Task directions: What you return should be the full listing, word for word, without a single image.

Source material:

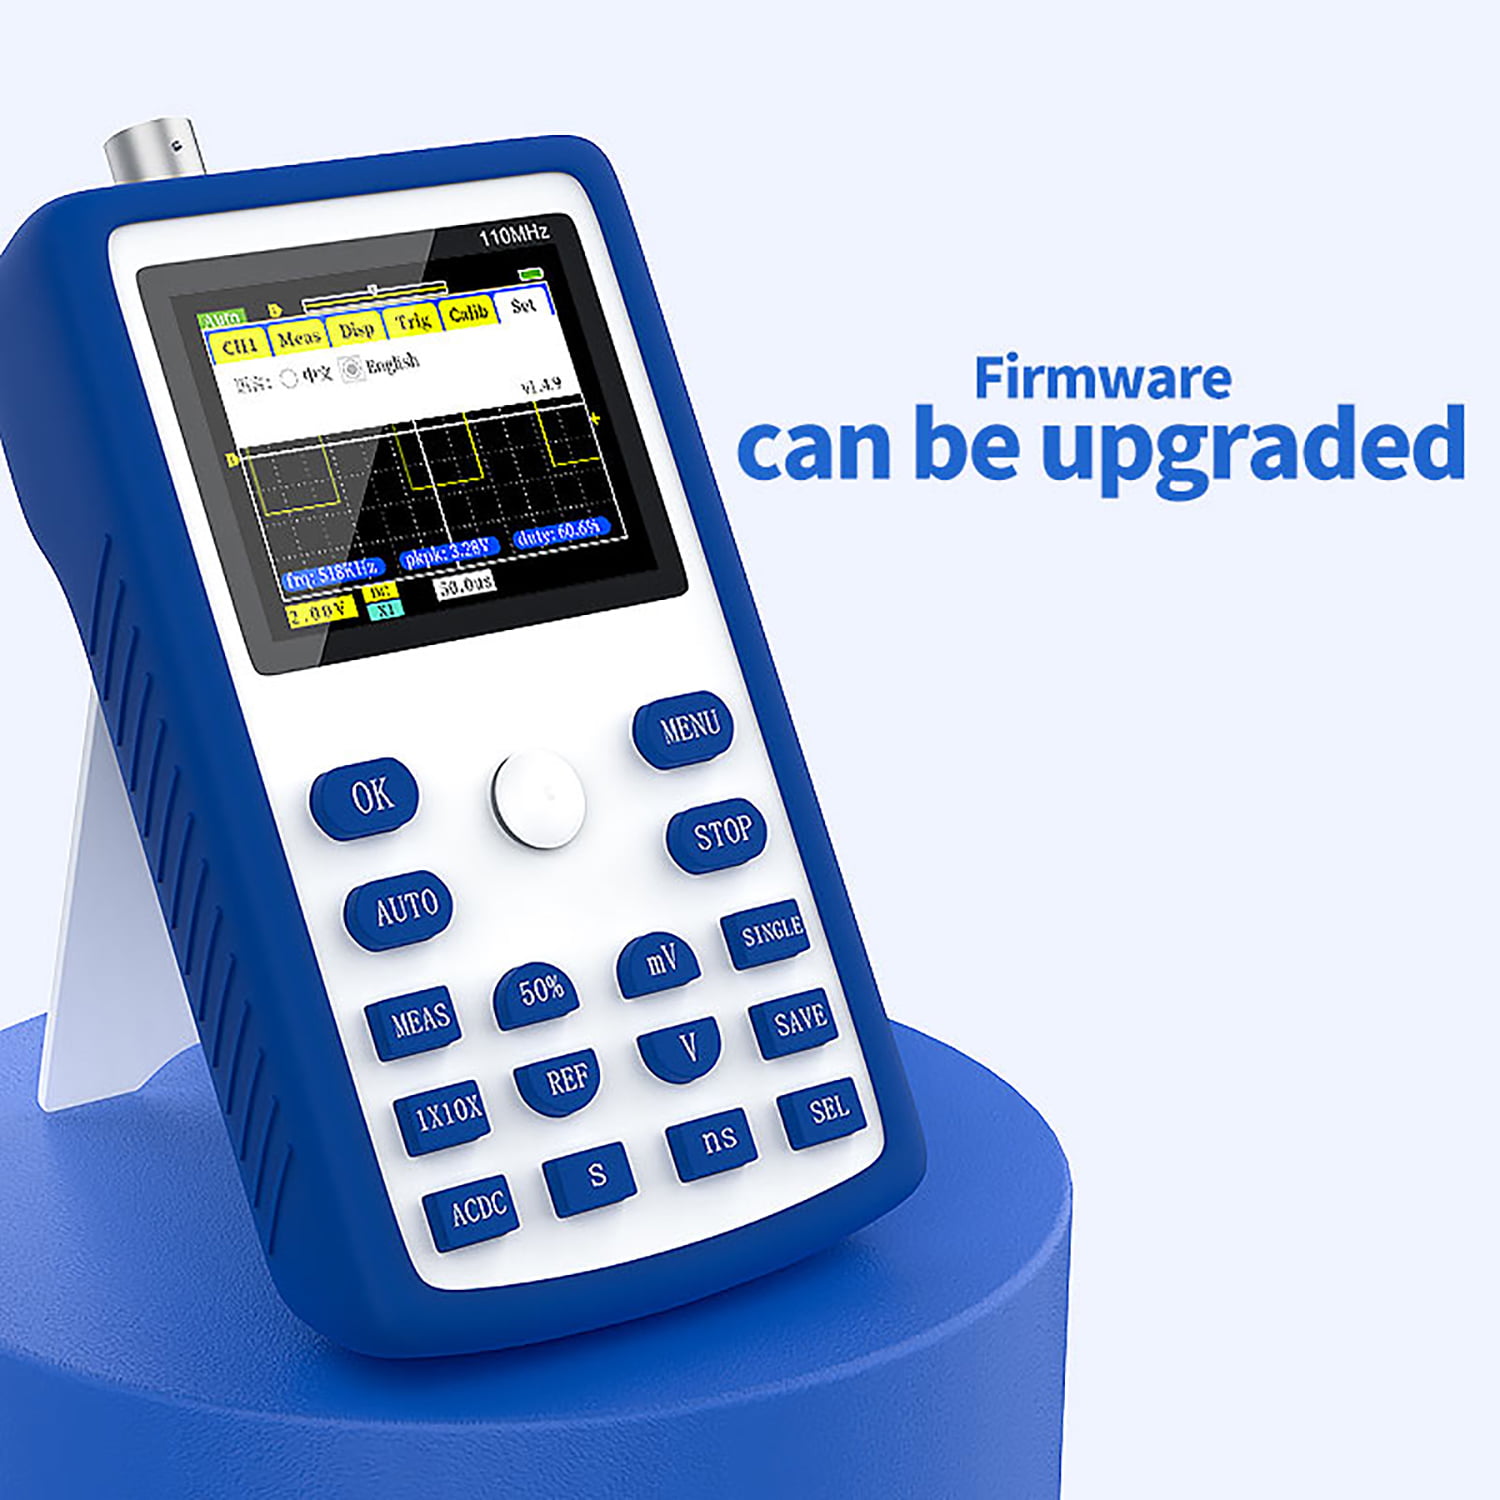 FNIRSI Portable Handheld Digital Storage Oscilloscope 110MHz Bandwidth 500MS/s
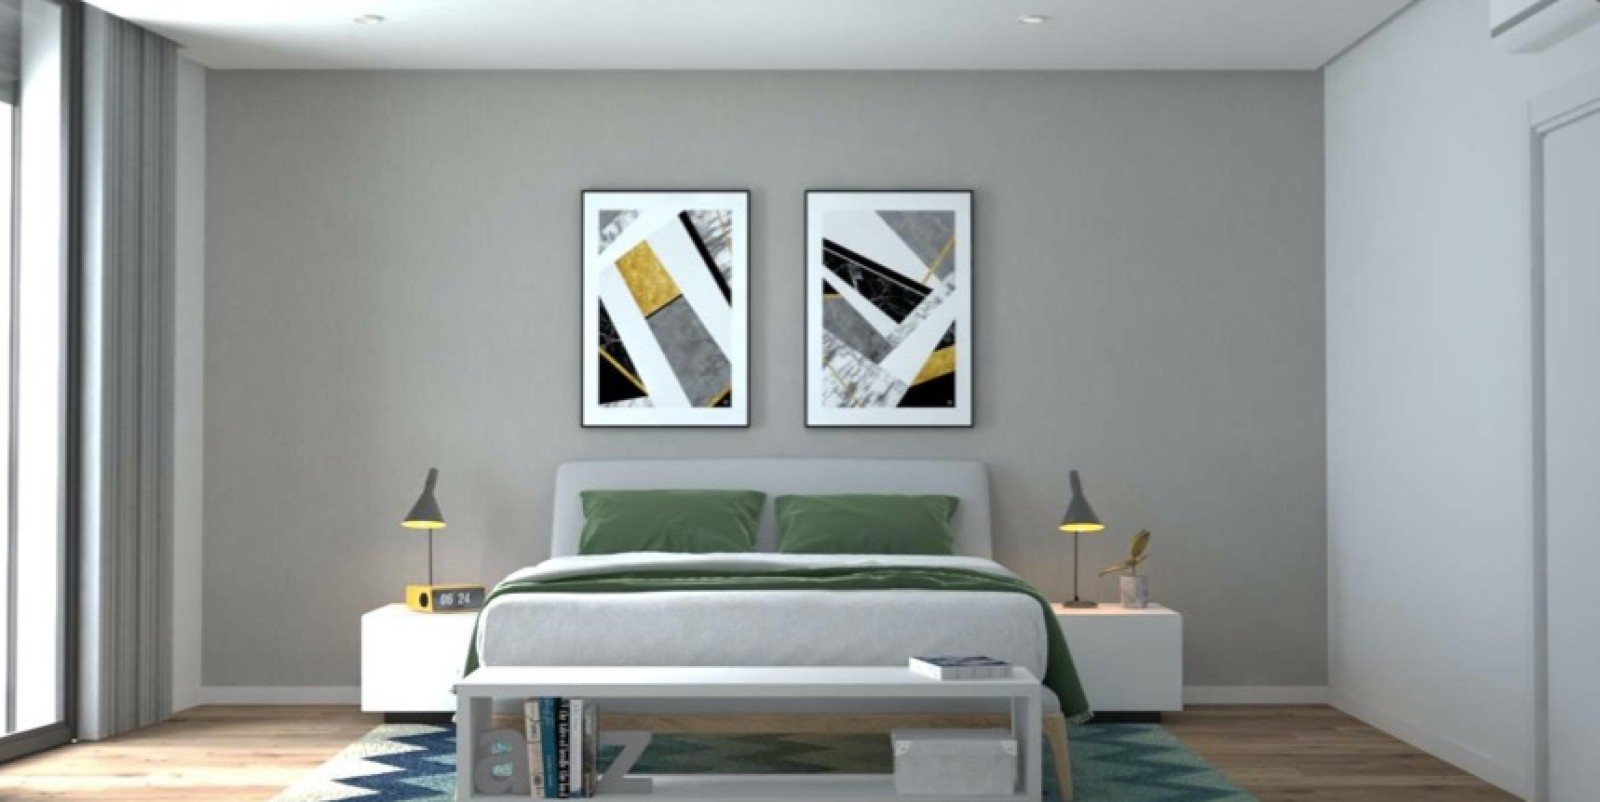 4 bedroom flat for sale in São brás de Alportel, Algarve_226416
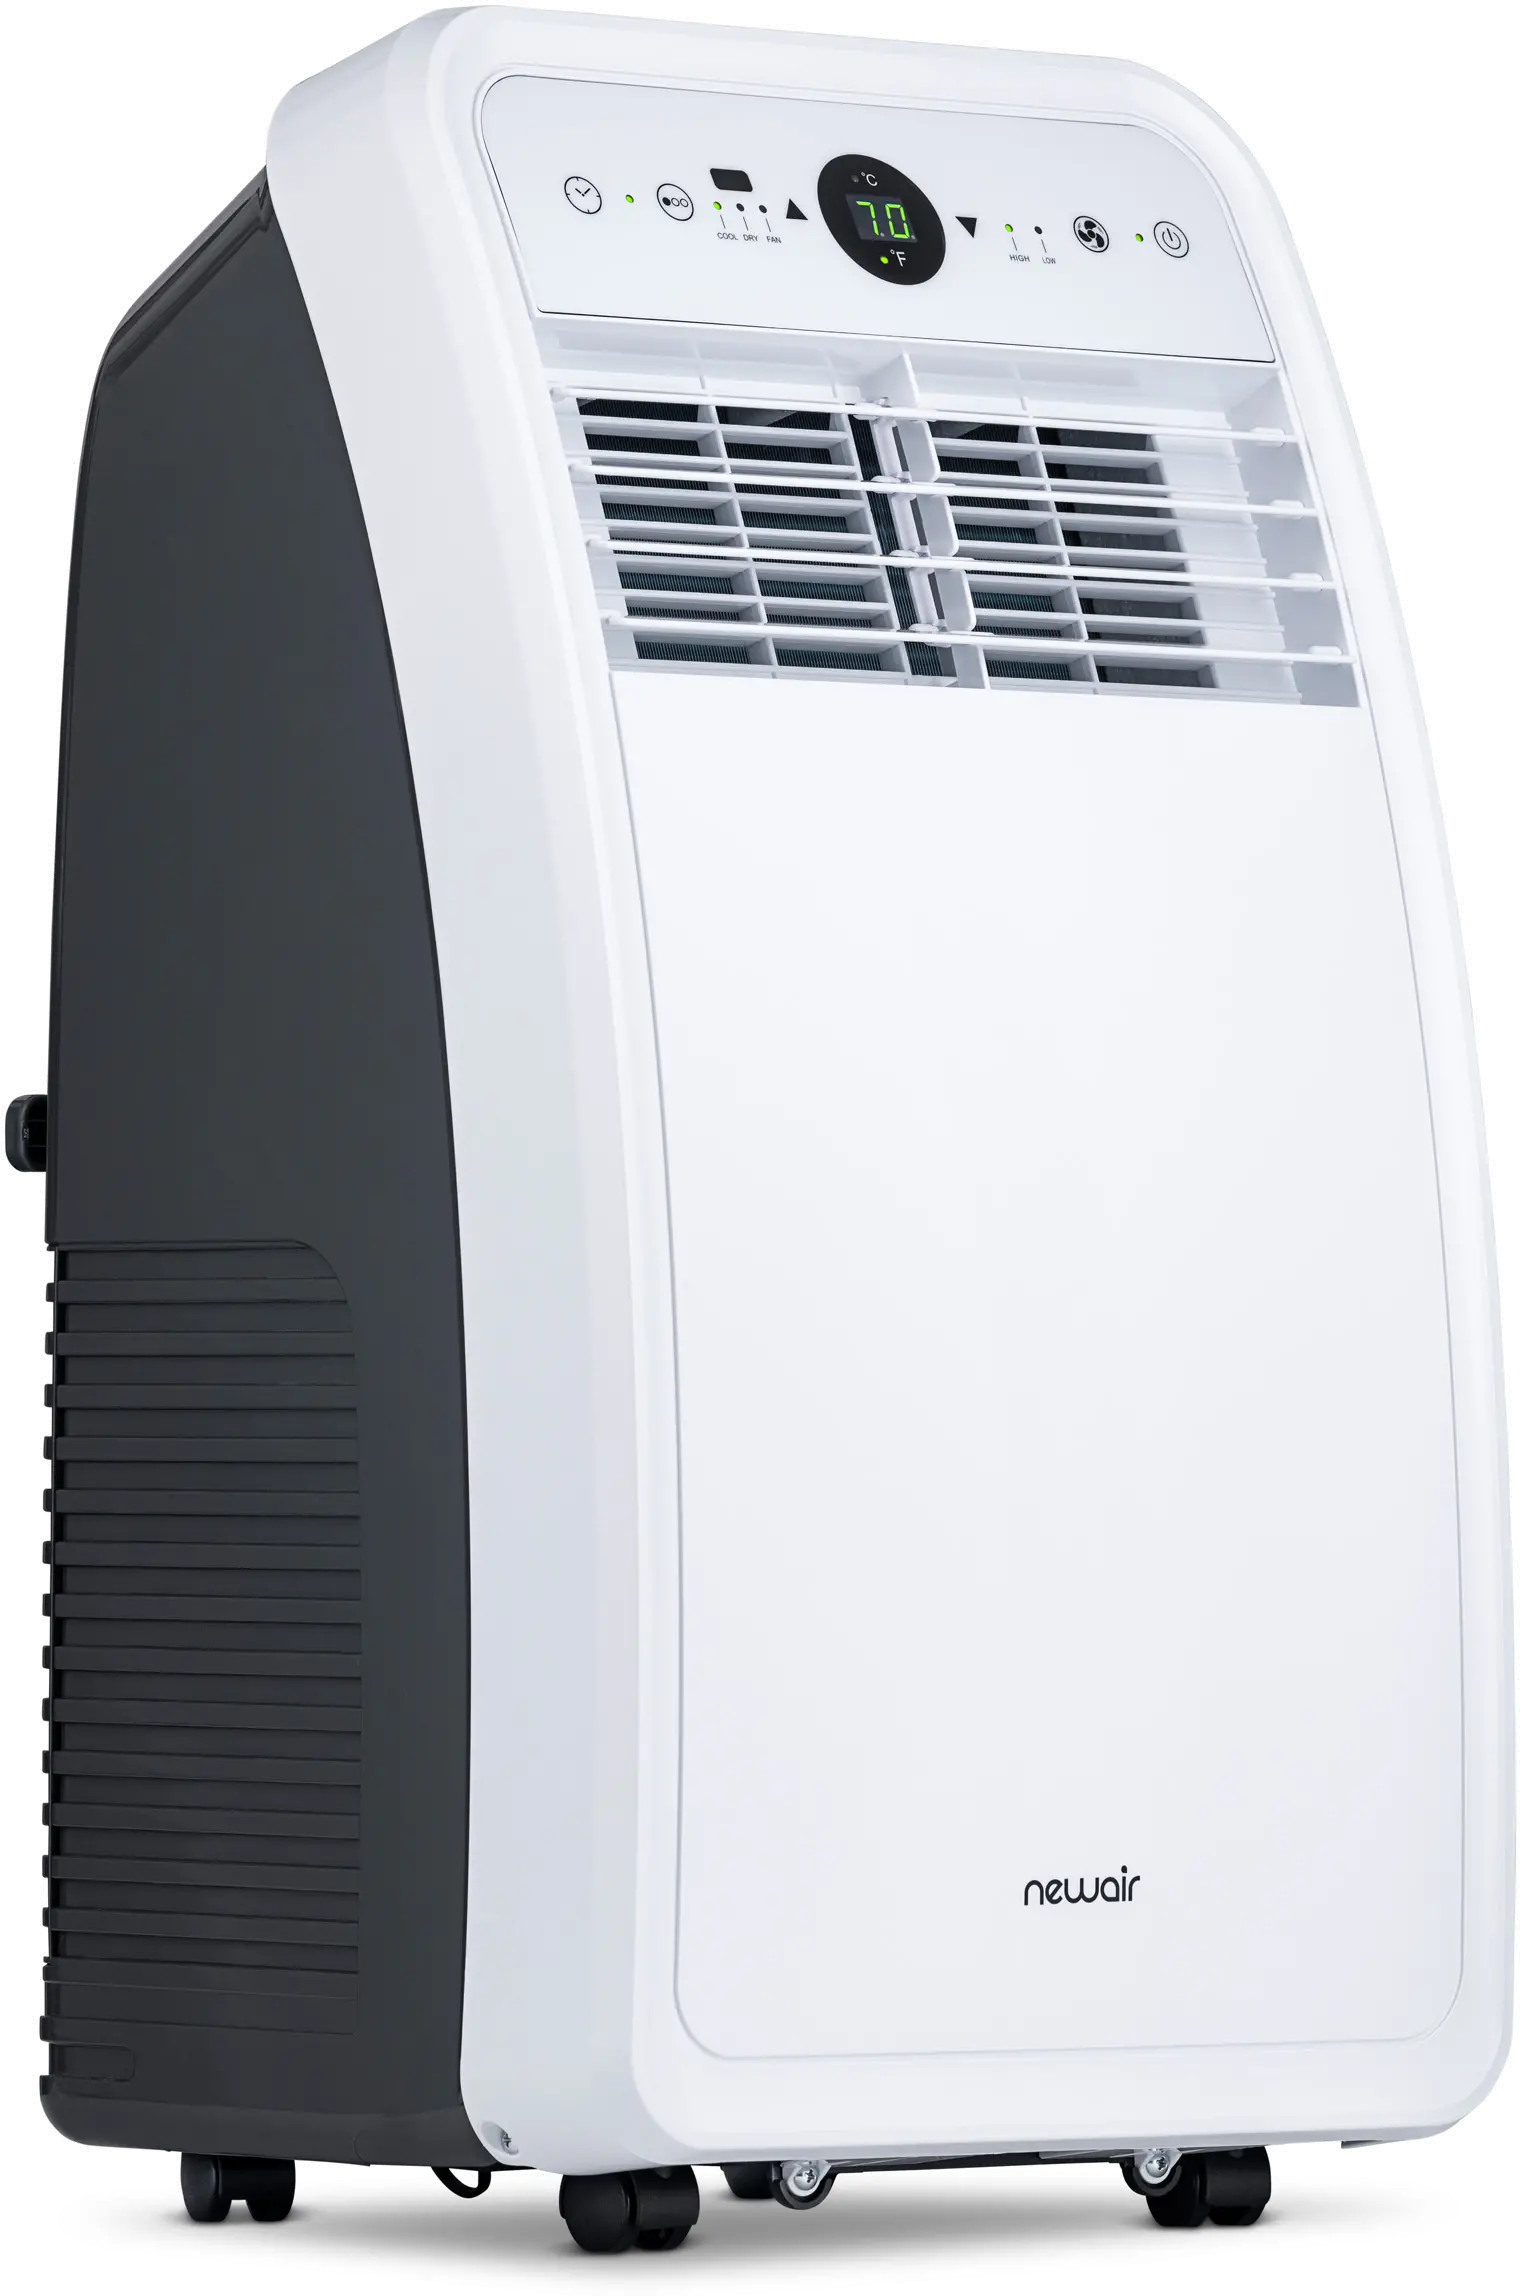 New Air Compact 8, 000 BTU Portable Air Conditioner

Result of this task:
 FNIRSI Portable Handheld Digital Storage Oscilloscope 110MHz Bandwidth 500MS/s
 4 bedroom flat for sale in São brás de Alportel, Algarve_226416
 New Air Compact 8, 000 BTU Portable Air Conditioner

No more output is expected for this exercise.